Only one stretch of the data is wanted: the line containing "Delicious Thai Fish", the line containing "Electronic Experiment - Indian", and every line between them, copied exactly.

(Material for the task Opens)

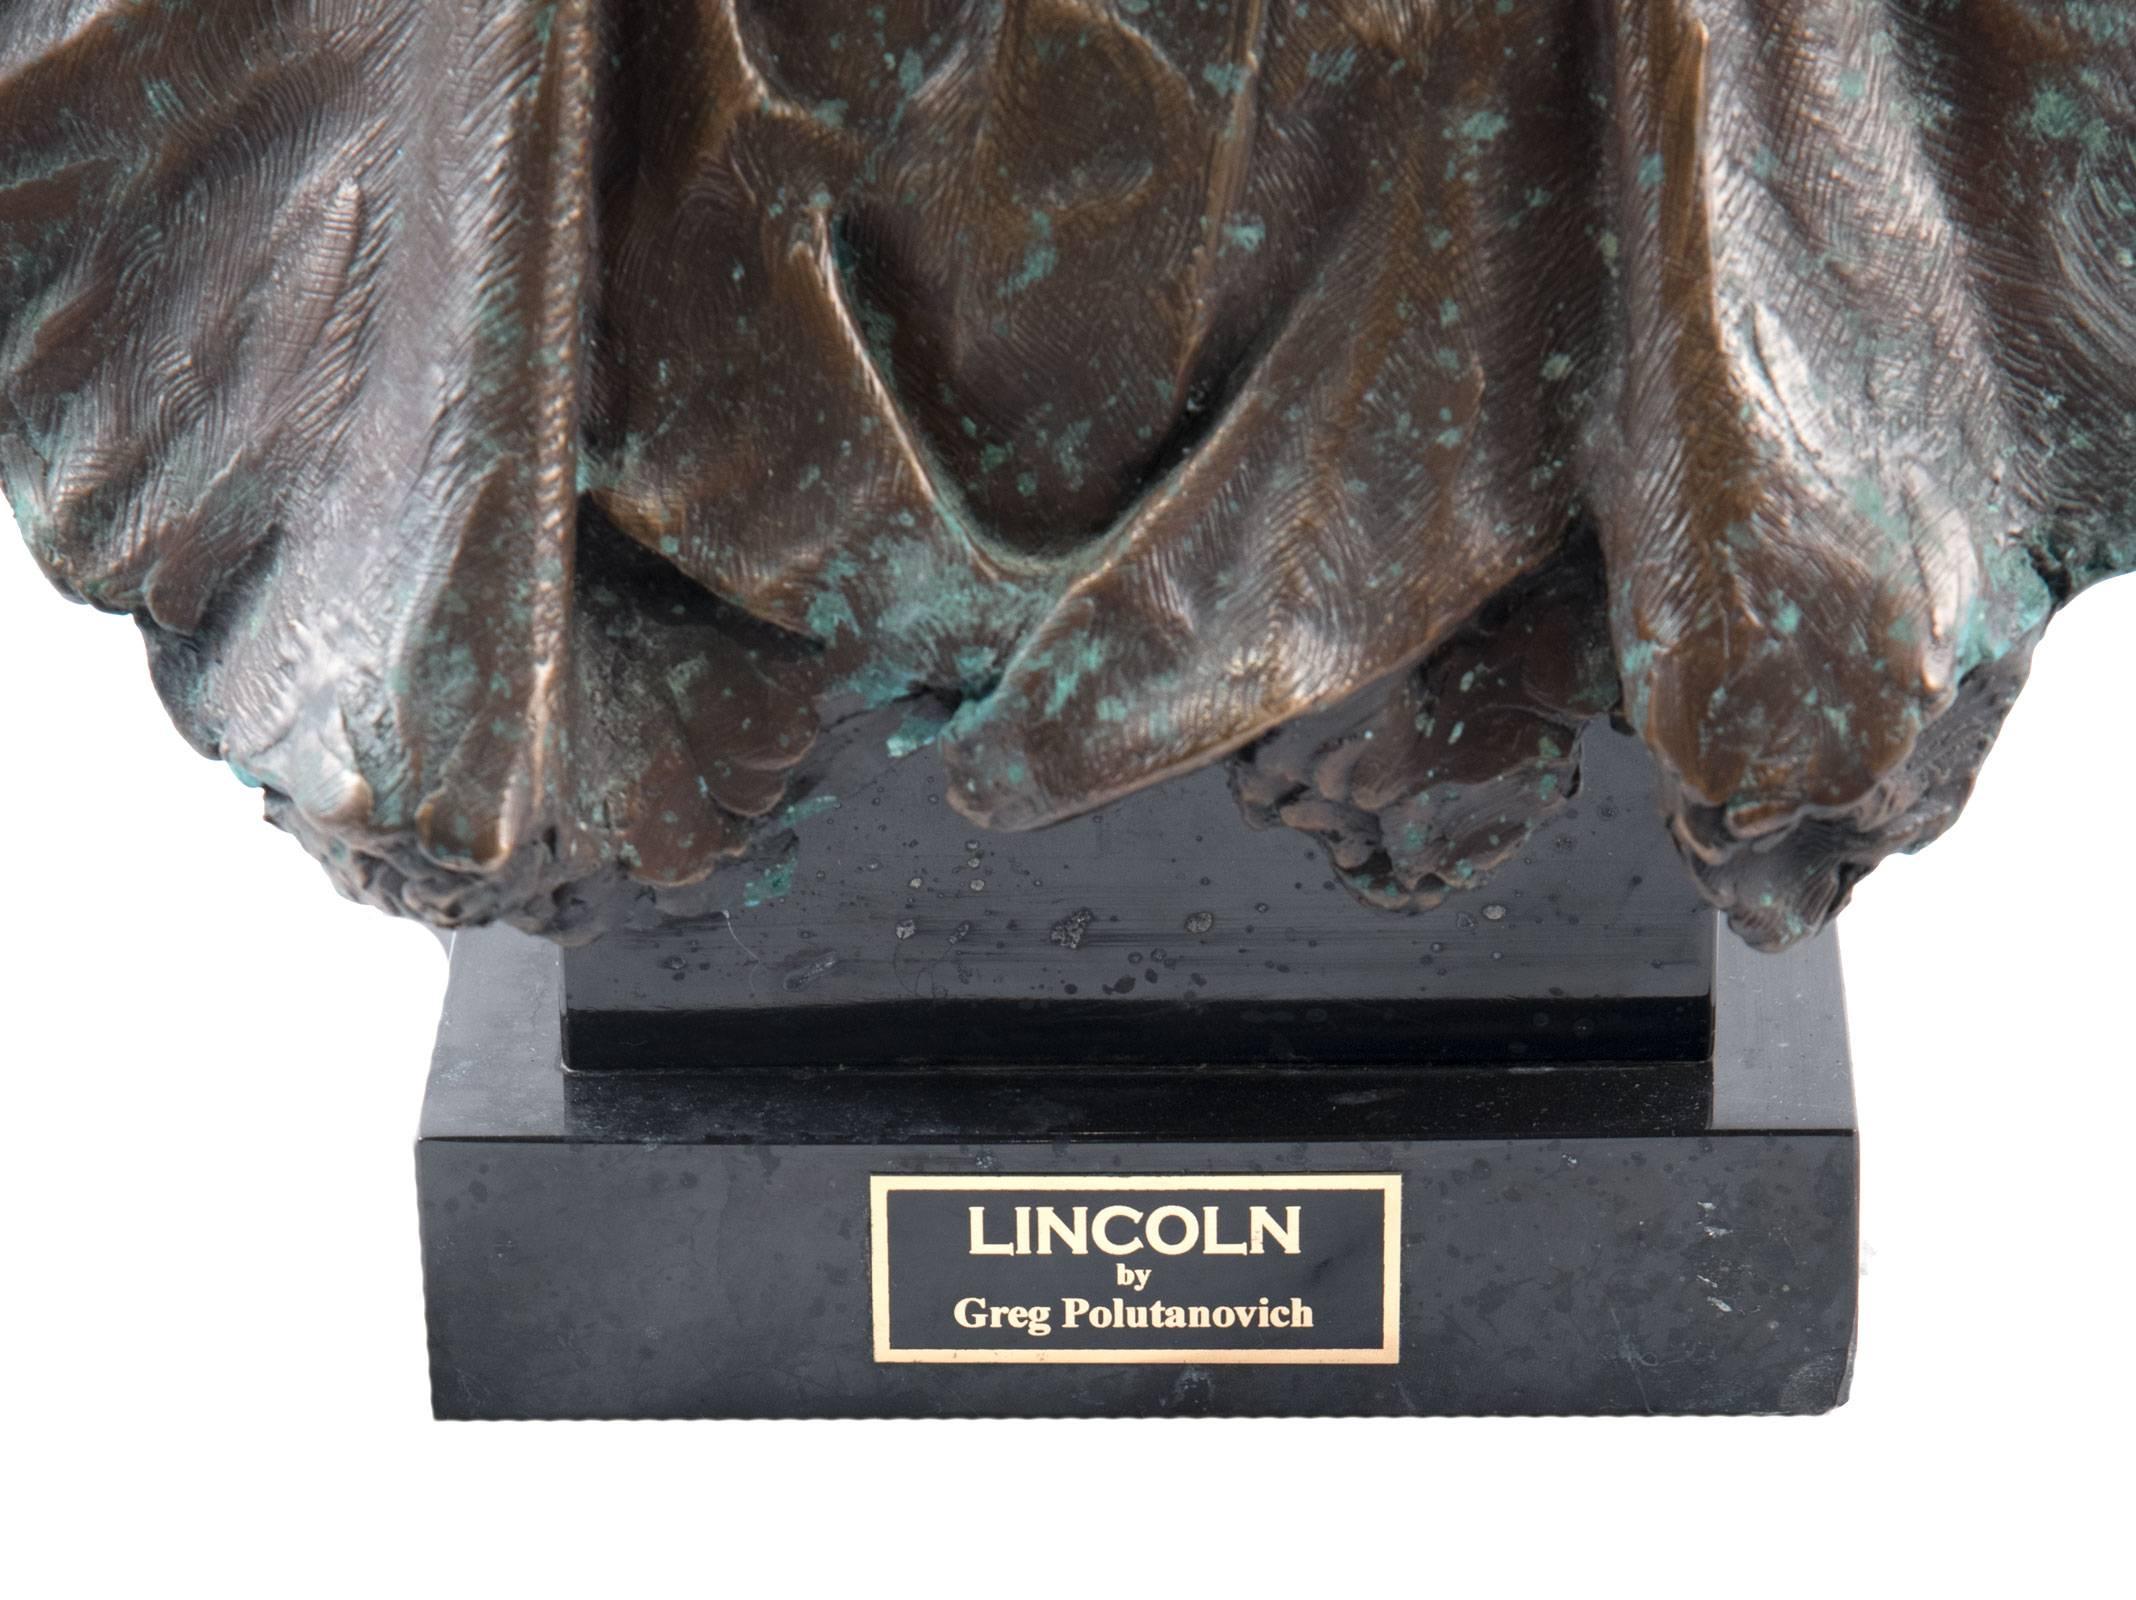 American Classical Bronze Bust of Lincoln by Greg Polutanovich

(Material for the task Closes)
(Material for the task Opens)

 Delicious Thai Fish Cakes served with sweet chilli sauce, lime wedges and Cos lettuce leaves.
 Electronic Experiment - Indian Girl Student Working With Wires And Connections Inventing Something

(Material for the task Closes)
(Material for the task Opens)

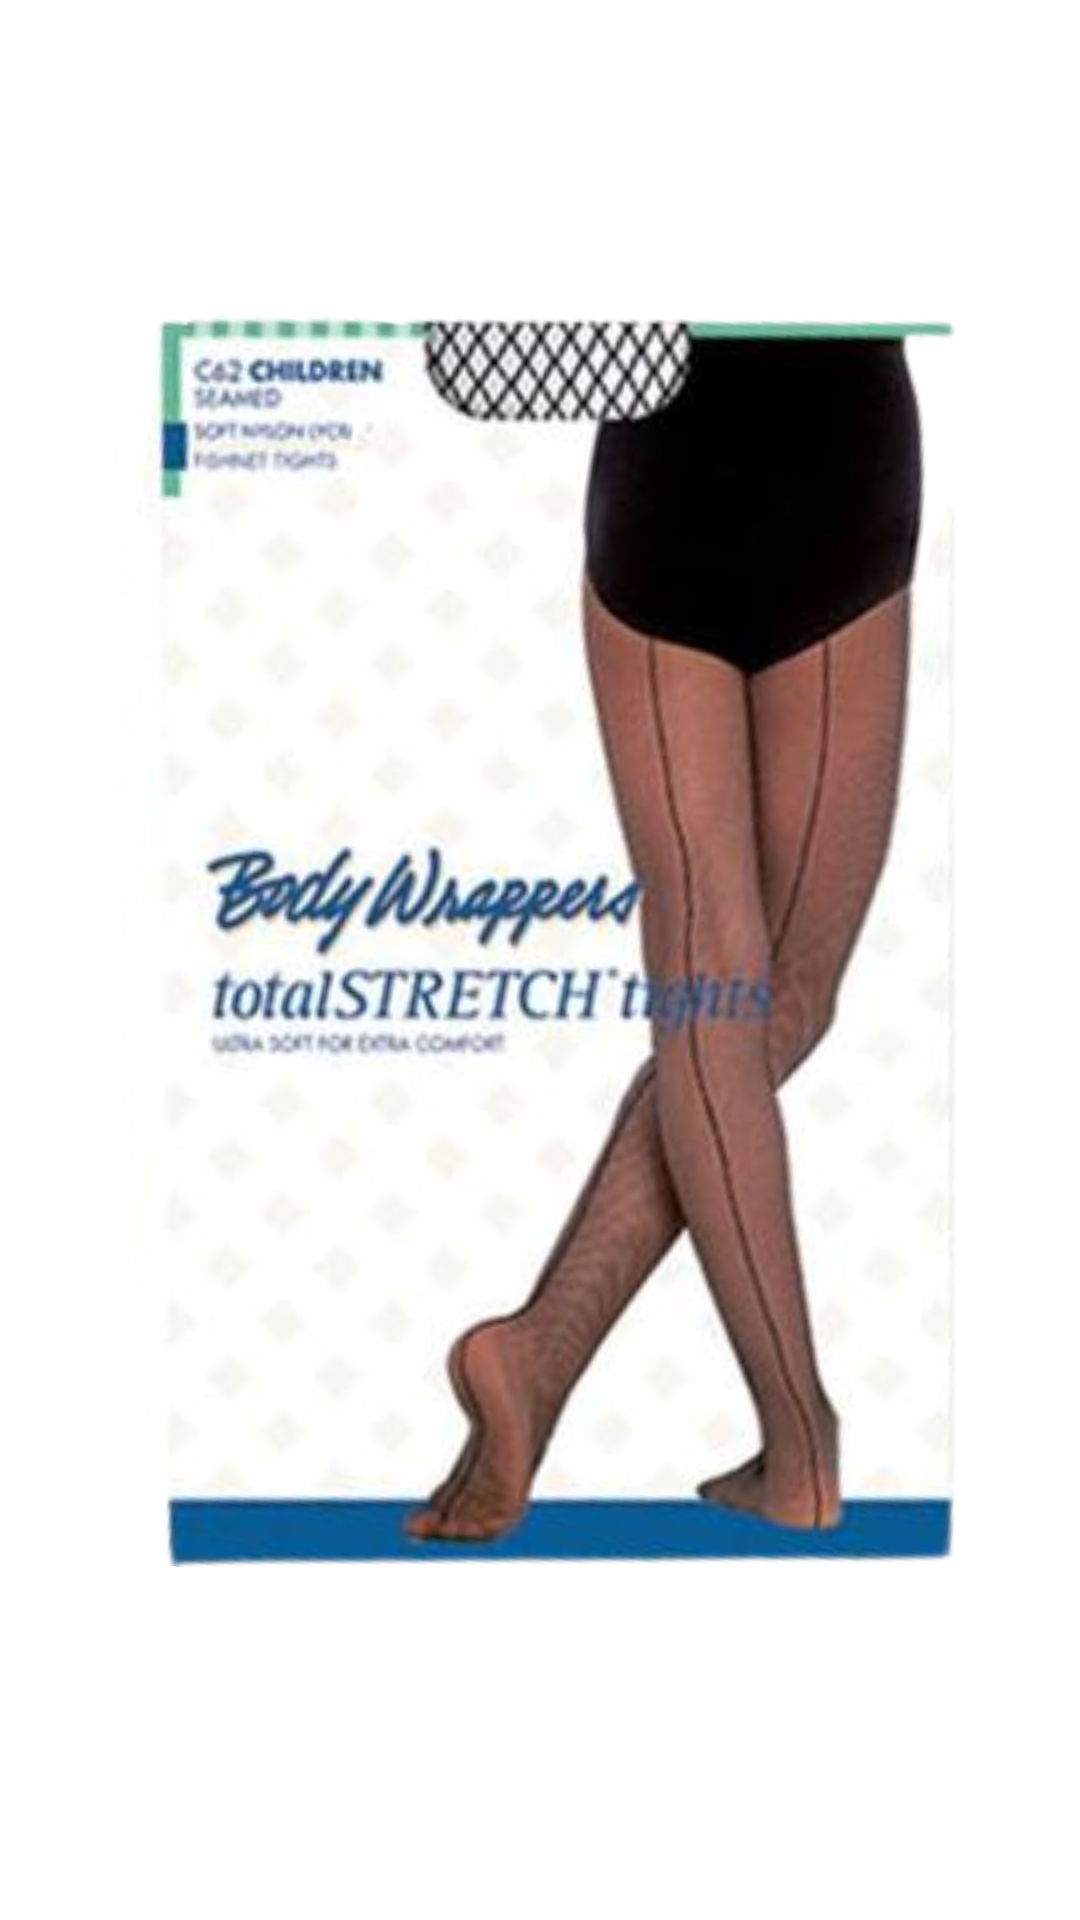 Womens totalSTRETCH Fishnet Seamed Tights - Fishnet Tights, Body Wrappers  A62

(Material for the task Closes)

Task solution:
 Delicious Thai Fish Cakes served with sweet chilli sauce, lime wedges and Cos lettuce leaves.
 Electronic Experiment - Indian Girl Student Working With Wires And Connections Inventing Something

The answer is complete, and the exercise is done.